**Assignment:** Each line of the listing must be transcribed exactly, except for the images, which should be excluded.

**Data excerpt:**
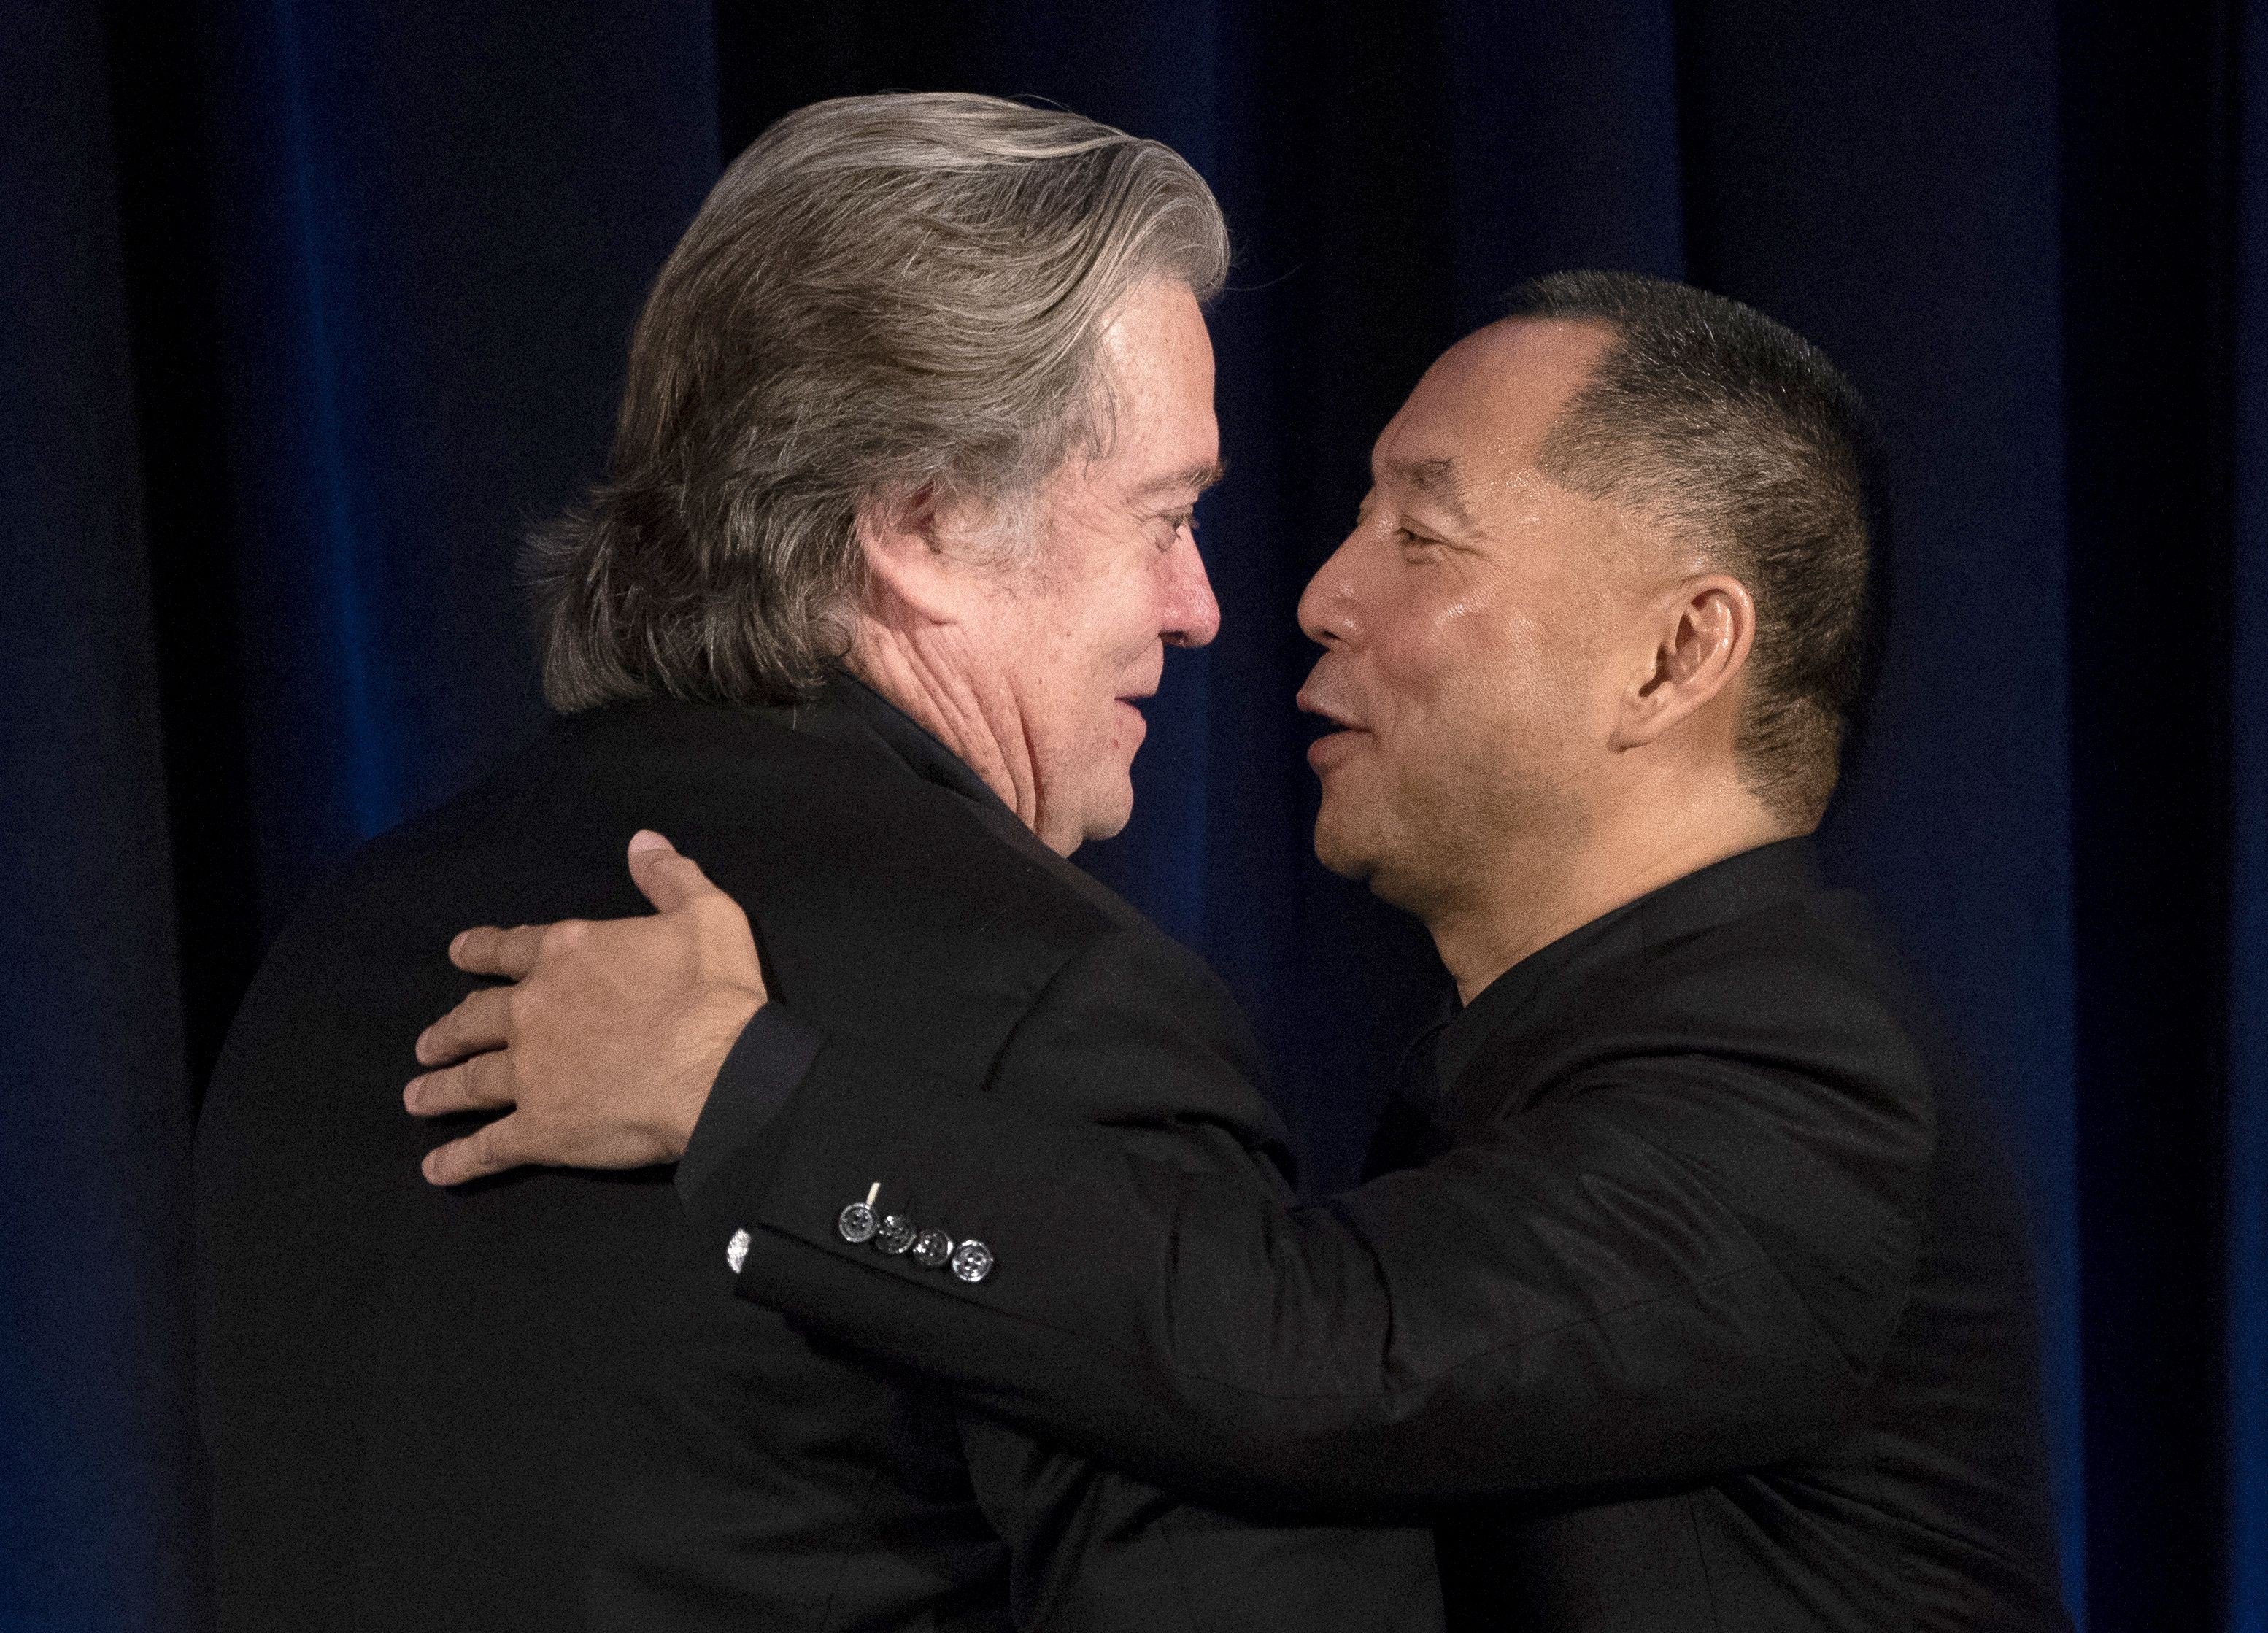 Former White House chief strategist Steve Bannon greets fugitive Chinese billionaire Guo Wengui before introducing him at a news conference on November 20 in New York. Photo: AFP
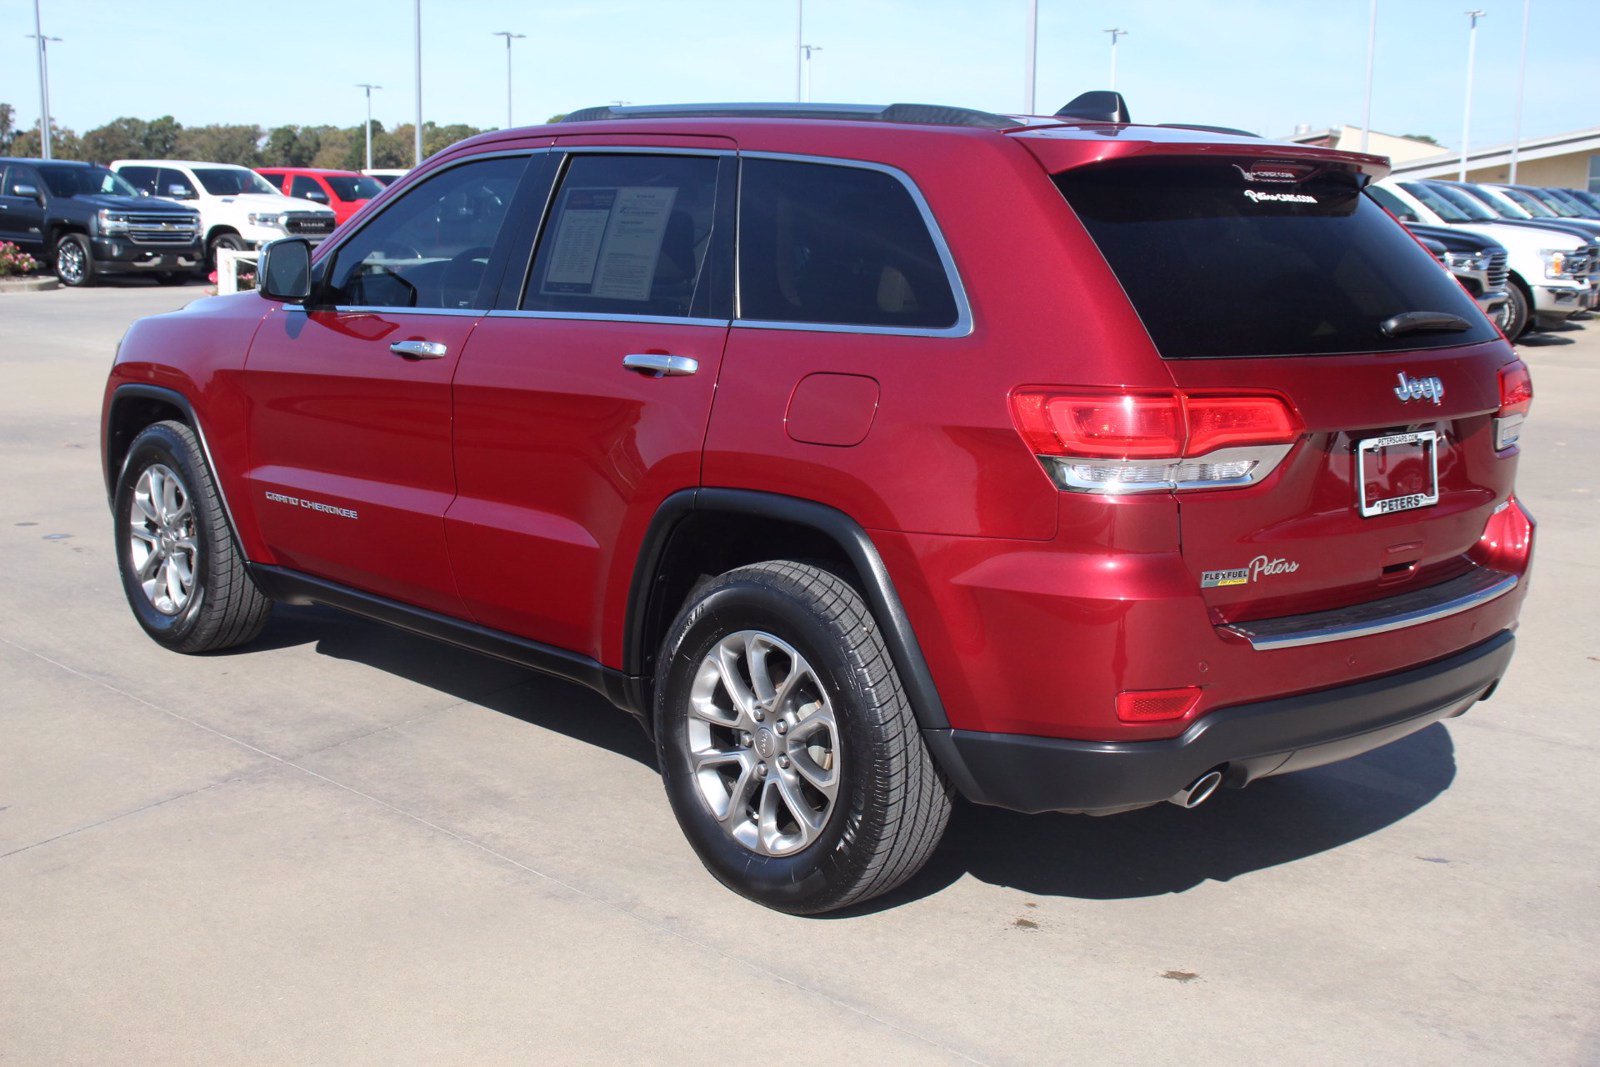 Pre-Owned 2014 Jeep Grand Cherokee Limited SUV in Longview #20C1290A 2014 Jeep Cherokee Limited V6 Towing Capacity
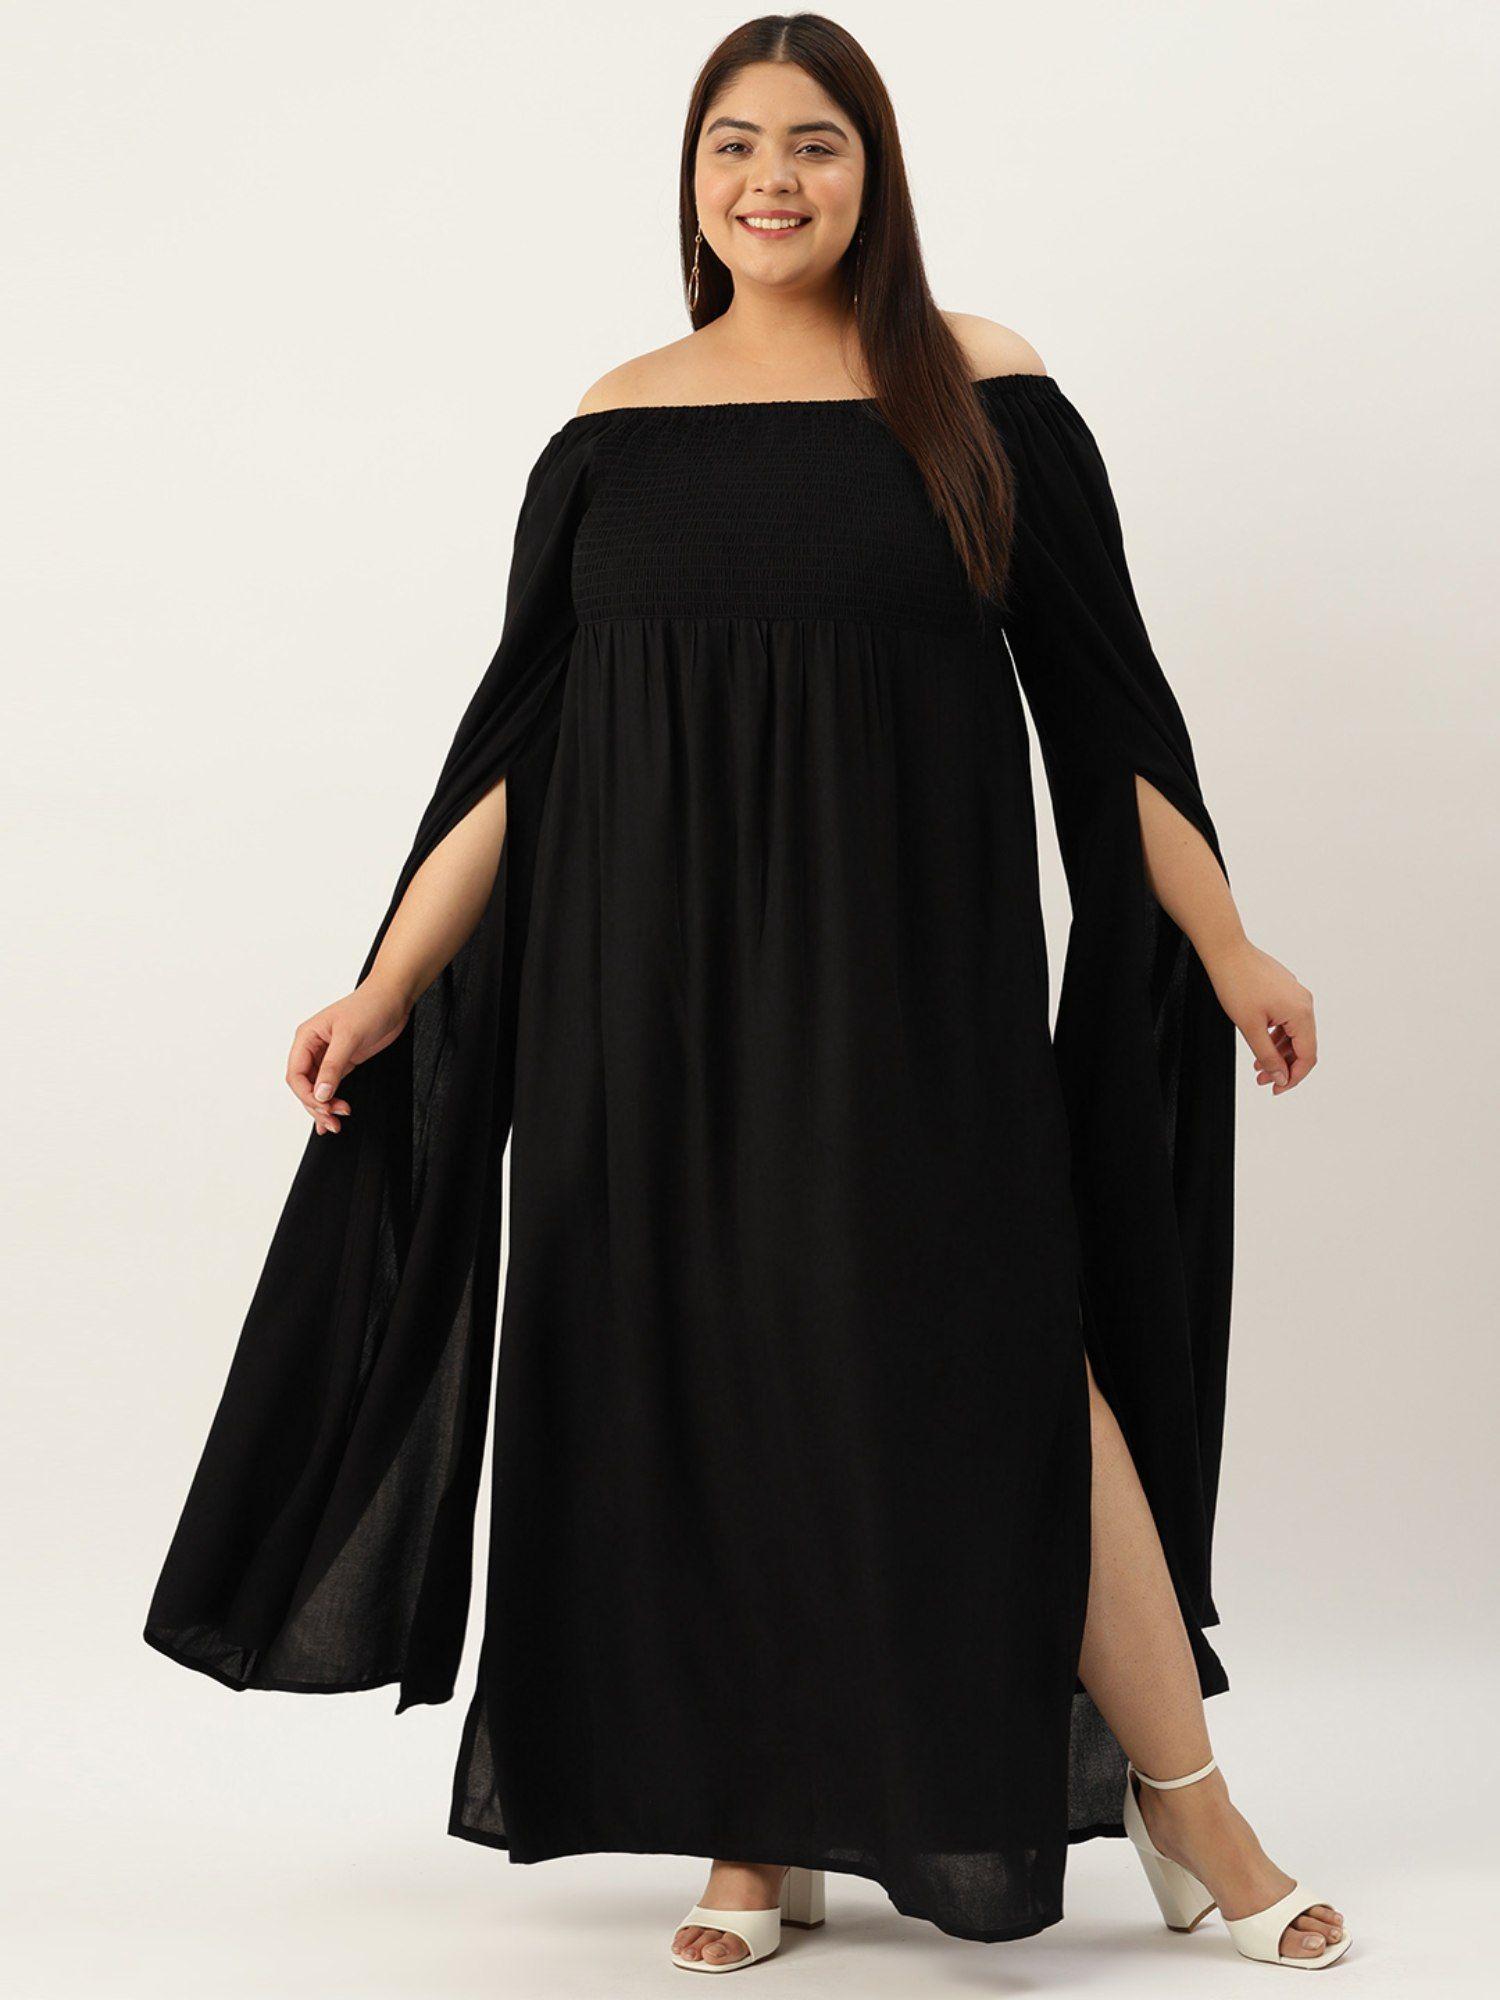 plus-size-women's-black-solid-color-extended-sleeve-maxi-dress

**Answer:**
 Former White House chief strategist Steve Bannon greets fugitive Chinese billionaire Guo Wengui before introducing him at a news conference on November 20 in New York. Photo: AFP
 Pre-Owned 2014 Jeep Grand Cherokee Limited SUV in Longview #20C1290A 2014 Jeep Cherokee Limited V6 Towing Capacity
 plus-size-women's-black-solid-color-extended-sleeve-maxi-dress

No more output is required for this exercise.